Task goal - Copy exactly the lines of the records below, and only those lines, beginning with the line that contains "Bowmakers Eau De" and ending with the line that contains "Ponožky unisex Voxx Rex 00 - černé, 35-38".

Available records -
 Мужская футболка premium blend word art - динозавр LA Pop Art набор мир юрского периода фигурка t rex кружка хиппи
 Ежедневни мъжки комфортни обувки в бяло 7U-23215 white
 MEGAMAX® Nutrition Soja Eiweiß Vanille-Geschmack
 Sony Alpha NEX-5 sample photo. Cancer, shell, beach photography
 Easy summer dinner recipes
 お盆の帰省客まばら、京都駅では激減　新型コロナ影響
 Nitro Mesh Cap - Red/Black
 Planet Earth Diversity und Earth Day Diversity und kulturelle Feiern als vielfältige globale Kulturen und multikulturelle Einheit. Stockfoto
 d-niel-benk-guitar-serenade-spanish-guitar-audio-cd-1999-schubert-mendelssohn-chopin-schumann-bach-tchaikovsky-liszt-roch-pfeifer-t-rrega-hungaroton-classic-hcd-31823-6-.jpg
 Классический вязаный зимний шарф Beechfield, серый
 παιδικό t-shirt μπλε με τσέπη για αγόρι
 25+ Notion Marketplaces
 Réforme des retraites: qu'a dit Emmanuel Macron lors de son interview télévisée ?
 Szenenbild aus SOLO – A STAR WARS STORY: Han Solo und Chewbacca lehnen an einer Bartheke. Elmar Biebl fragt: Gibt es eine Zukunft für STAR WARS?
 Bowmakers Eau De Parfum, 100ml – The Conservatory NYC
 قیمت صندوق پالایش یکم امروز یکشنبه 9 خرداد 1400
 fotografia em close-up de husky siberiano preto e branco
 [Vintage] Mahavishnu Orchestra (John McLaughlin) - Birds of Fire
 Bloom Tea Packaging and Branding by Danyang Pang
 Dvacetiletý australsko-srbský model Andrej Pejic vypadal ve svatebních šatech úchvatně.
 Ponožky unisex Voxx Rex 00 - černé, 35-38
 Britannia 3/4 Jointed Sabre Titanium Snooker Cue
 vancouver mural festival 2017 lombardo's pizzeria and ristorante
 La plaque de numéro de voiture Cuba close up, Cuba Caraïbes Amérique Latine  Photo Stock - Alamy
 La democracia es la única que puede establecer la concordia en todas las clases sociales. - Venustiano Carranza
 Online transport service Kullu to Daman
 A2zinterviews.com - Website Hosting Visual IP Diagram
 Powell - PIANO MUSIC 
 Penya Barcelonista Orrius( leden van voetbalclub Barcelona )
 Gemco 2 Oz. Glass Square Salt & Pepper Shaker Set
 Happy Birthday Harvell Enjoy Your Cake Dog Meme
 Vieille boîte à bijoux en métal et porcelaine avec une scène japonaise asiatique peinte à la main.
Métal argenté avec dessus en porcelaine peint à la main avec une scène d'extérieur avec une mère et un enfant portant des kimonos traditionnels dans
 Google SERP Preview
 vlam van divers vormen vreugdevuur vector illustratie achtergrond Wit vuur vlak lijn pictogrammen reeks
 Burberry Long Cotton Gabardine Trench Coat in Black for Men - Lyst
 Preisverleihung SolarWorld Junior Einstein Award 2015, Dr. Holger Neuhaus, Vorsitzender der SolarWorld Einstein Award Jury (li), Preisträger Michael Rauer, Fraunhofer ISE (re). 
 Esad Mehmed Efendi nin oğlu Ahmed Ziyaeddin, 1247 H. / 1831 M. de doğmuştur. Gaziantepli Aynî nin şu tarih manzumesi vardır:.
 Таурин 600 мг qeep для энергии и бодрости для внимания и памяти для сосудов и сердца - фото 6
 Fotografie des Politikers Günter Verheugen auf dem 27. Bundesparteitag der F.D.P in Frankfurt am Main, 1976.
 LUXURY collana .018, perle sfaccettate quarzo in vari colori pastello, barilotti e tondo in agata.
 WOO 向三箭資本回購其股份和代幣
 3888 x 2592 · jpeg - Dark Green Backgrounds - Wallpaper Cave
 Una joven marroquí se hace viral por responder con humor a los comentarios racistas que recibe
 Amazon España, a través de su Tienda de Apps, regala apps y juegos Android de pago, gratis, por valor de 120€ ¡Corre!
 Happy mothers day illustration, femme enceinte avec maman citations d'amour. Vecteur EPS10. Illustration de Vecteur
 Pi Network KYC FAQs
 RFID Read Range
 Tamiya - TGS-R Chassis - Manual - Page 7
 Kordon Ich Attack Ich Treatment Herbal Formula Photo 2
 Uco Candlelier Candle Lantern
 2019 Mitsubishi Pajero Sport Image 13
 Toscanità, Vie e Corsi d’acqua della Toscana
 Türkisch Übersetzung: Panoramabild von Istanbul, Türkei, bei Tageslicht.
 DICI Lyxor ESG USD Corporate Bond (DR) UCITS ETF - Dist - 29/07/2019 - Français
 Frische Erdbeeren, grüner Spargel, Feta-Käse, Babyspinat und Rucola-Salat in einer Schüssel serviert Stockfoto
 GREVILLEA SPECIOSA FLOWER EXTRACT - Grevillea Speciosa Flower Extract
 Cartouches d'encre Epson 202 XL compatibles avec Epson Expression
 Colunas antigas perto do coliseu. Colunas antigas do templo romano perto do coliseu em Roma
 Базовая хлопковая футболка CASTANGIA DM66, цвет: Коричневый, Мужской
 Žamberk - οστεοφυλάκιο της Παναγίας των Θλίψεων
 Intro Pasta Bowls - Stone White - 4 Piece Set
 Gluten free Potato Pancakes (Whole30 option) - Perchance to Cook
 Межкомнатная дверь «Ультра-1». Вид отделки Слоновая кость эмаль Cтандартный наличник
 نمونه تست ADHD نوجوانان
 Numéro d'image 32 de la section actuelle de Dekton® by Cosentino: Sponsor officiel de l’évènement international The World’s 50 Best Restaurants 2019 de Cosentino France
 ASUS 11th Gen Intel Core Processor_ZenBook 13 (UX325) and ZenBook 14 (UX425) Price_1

Result -
 Bowmakers Eau De Parfum, 100ml – The Conservatory NYC
 قیمت صندوق پالایش یکم امروز یکشنبه 9 خرداد 1400
 fotografia em close-up de husky siberiano preto e branco
 [Vintage] Mahavishnu Orchestra (John McLaughlin) - Birds of Fire
 Bloom Tea Packaging and Branding by Danyang Pang
 Dvacetiletý australsko-srbský model Andrej Pejic vypadal ve svatebních šatech úchvatně.
 Ponožky unisex Voxx Rex 00 - černé, 35-38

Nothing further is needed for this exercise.